J’ai rencontré Tiki comme on entre dans un film. Encore trop liée au réel, trop fatiguée, trop moi, trop rangée, trop sobre pour ses murs penchés, pas assez prête à faire semblant de.
J’ai pourtant traversé son couloir parsemé de câbles apparents, de cadres difformes et de mots sur les murs, enjambé des sacs empilés contenant bouteilles vides, clés et portefeuilles confiés avec confiance à la coolitude australienne, pour déboucher dans une cuisine dysfonctionnelle remplie de trois ou quatre groupes d’étudiants. Autant de rencontres intensifiées par leur nature éphémère, qui échangeaient des dialogues protocolaires soutenus par des regards déjà vitreux. Je les ai évités dans un premier temps, pour aller me servir un verre d’eau depuis un robinet boiteux d’où coulait un filet irrégulier. Le mobilier aussi semblait être un abonné de la gueule de bois. En levant mon verre à mes lèvres et mes yeux devant moi, je découvrais à travers la fenêtre ouverte une scène de teen movie californien.
Dans le jardin s’animaient une vingtaine d’invités plus ou moins déguisés, selon un thème opaque que j’avais choisi d’oublier. Les murs de brique du petit carré vert étaient ornés de reliques en tous genres : panneaux routiers, guirlandes lumineuses en forme de vague, planches de surf, casques de vélo, et autres objets dépossédés de leurs fonctions, accumulés au fil des années par les locataires. Ces derniers avaient pris graduellement possession des lieux avec une forme de déchéance tranquille, incarnée et solaire, si bien que le propriétaire, résigné, laissait défiler des vagues de colocataires tous fièrement membres du Surf Club de l’Université.
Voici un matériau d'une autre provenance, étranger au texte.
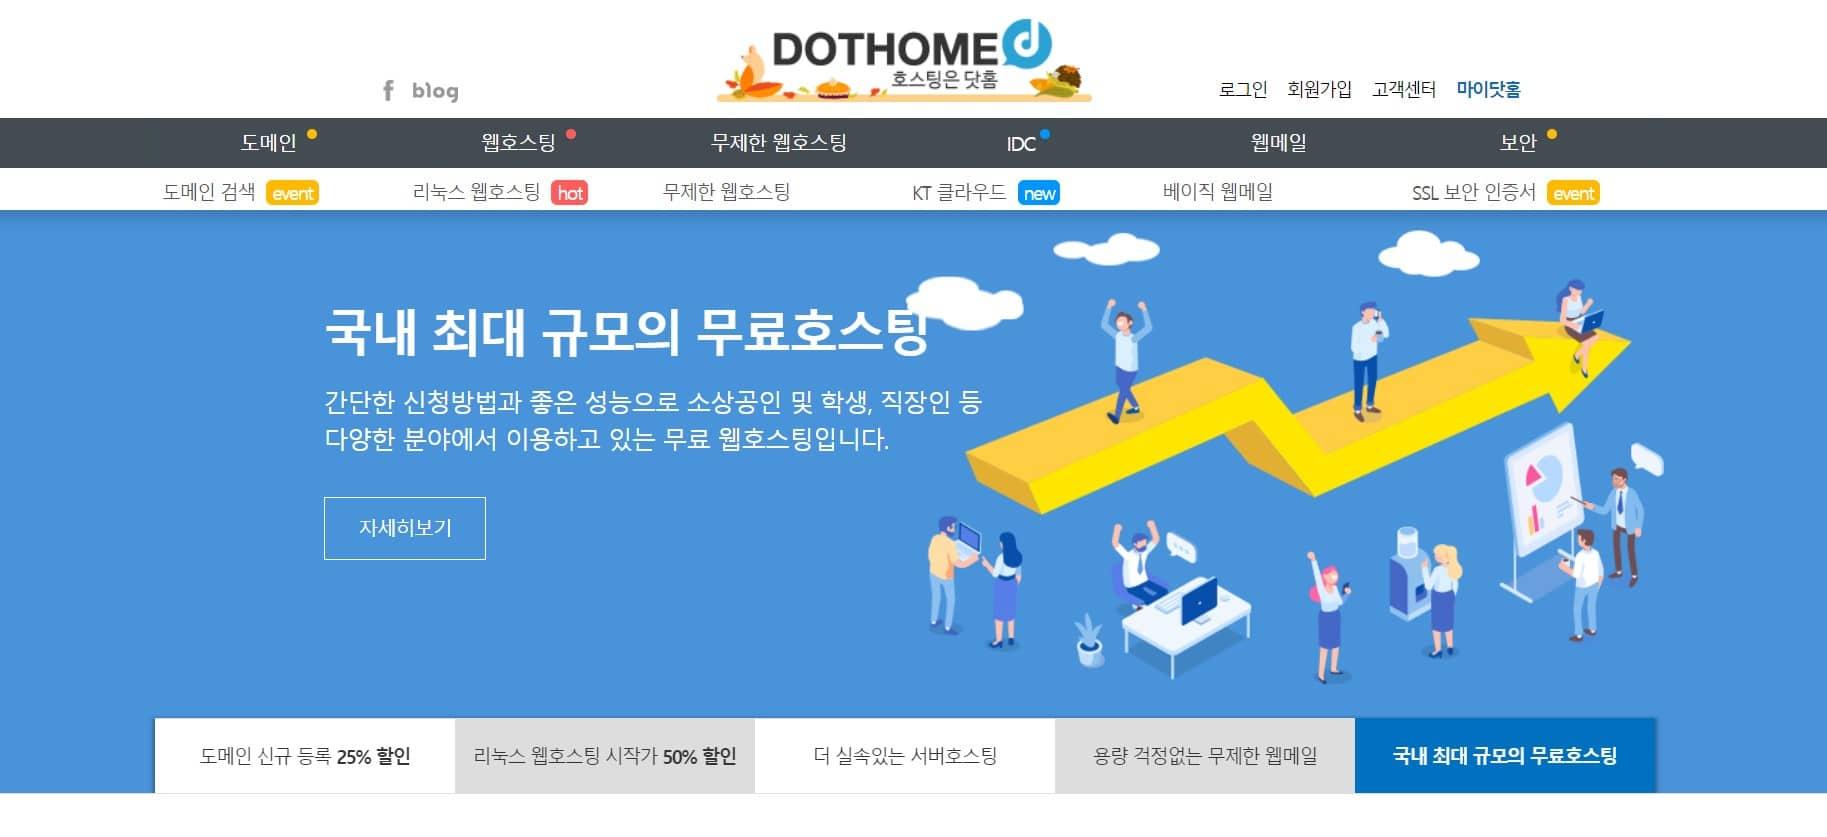 DOTHOME

La deuxième fois, j’étais préparée. « Jeudi, soirée film en plein air », nous avait écrit Carla. Sans savoir si les résidents de Tiki avaient percé leur plafond strié de zébrures héritées de fuites d’eau colmatées artisanalement pour y construire un rooftop, ou s’ils avaient cassé les barrières des jardins voisins pour agrandir le leur, j’y avais finalement découvert un inventif self-made cinéma de rue. S’y installaient avec un flegme non dissimulé une douzaine de membres de cette jeunesse autoproclamée alternative, comme seuls les quartiers nords de Melbourne savent en produire.